Really, it was everything else on the program that had things to say about Truth in Our Time. The evening opened with Nicole Lizée’s Zeiss After Dark, the two-minute gem that’s one of 40 “sesquies” co-commissioned by the NACO and the TSO in recognition of Canada’s 150th birthday. Lizée, the fiercely interesting Canadian composer with a fascination for film, wrote Zeiss After Dark as a musical equivalent to the so-called “candlelight scene” from Stanley Kubrick’s Barry Lyndon, famous for being lit only by three-wick candles. What’s true here is that Lizée really does turn Kubrick’s “gauzy” cinematography into sound: interlocking glimmers, bright pads of harmony and colours that are never static.

And there was truth upon truth from Yao, the Francophone singer-songwriter and spoken-word artist who gave us Strange Absurdity. In between bilingual plays on words, Yao nods to racism, an unhealthy media culture, Billie Holiday’s Strange Fruit and George Floyd.

Perhaps it was meant to be Glass, but the meat of this concert’s message came with the pairing of Dmitri Shostakovich’s Symphony No. 9 in E-flat major, Op. 70 and Erich Korngold’s Violin Concerto in D major, Op. 35. Both works were written in 1945 by composers who took starkly different tacks when it came to political commentary.

Shostakovich, now an archetype of the defiant artist, wrote his ninth symphony at the request-slash-command of Joseph Stalin. It was supposed to be something heroic, something to memorialize the Soviet contributions to the fight against Nazism. Shostakovich gave Stalin satire: brimming with trills and triangles and pizzicati and all the silly sounds one could draw from an orchestra, the symphony is effeminate and bulbous and spoils all hope of finding a moment of heroism in the score. When he’s being heartfelt, Shostakovich dares to mourn the Soviet regime with careful nods to Hasidic tonality.

Korngold’s answer to the growing antiseminitism in prewar Europe was to emigrate; the Austrian composer moved to California in 1934 and made a name for himself composing Hollywood film scores. He stuck to the Romantic style he developed in Austria, which not only gave us the unmistakable sound of lush, sweeping film soundtracks, but became Korngold’s act of political defiance: He would create beauty, but not where the world was ugly.

Violinist James Ehnes seemed to relish in that beauty, as he took the stage for Korngold’s Violin Concerto.

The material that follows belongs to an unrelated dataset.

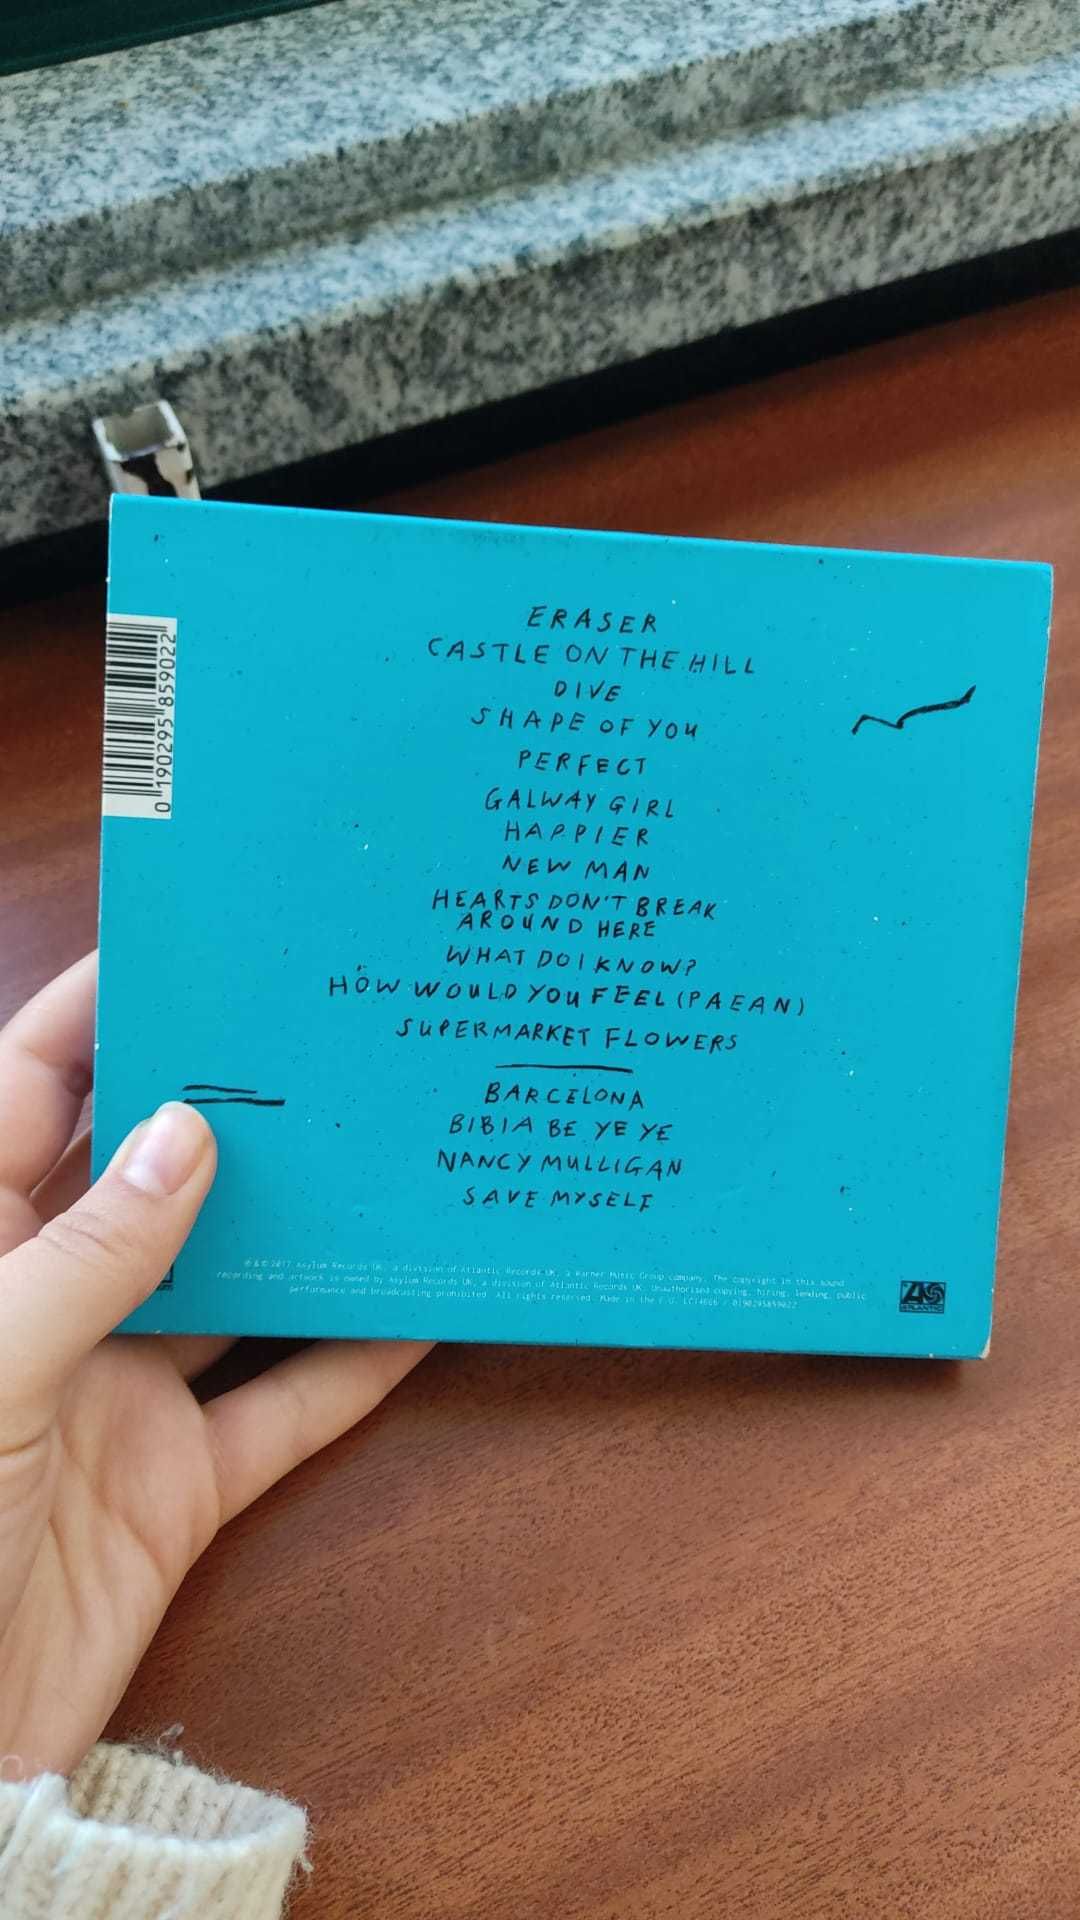 CD do álbum "%" do Ed Sheeran

It was strangely free from ego – and maybe unfortunately free from indulgence – but Ehnes delivered a taut, loving performance.

Much credit is due to NACO music director Alexander Shelley, who did double duty as maestro and tour guide for this murky program. On the podium, Shelley has a knack for tasteful imperfection, where he shrugs off the metronome and allows his orchestra the space to tell their own truths, phrase by phrase. He no doubt made sure we felt the full impact of Lizée’s miniature, Shostakovich’s Symphony and Korngold’s Concerto, and though it fell short in message, Shelley conducted Glass’ new symphony from memory, and that’s worth a mention.

Truth in Our Time is a breath of fresh air for anyone who has been frustrated by a vague, word-salad-like concert theme. With their much-anticipated touring program, NACO has made space for actual, tangible truths about life in 2022.

The April 14 performance was livestreamed on the NAC website and is available on demand until May 5, 2022.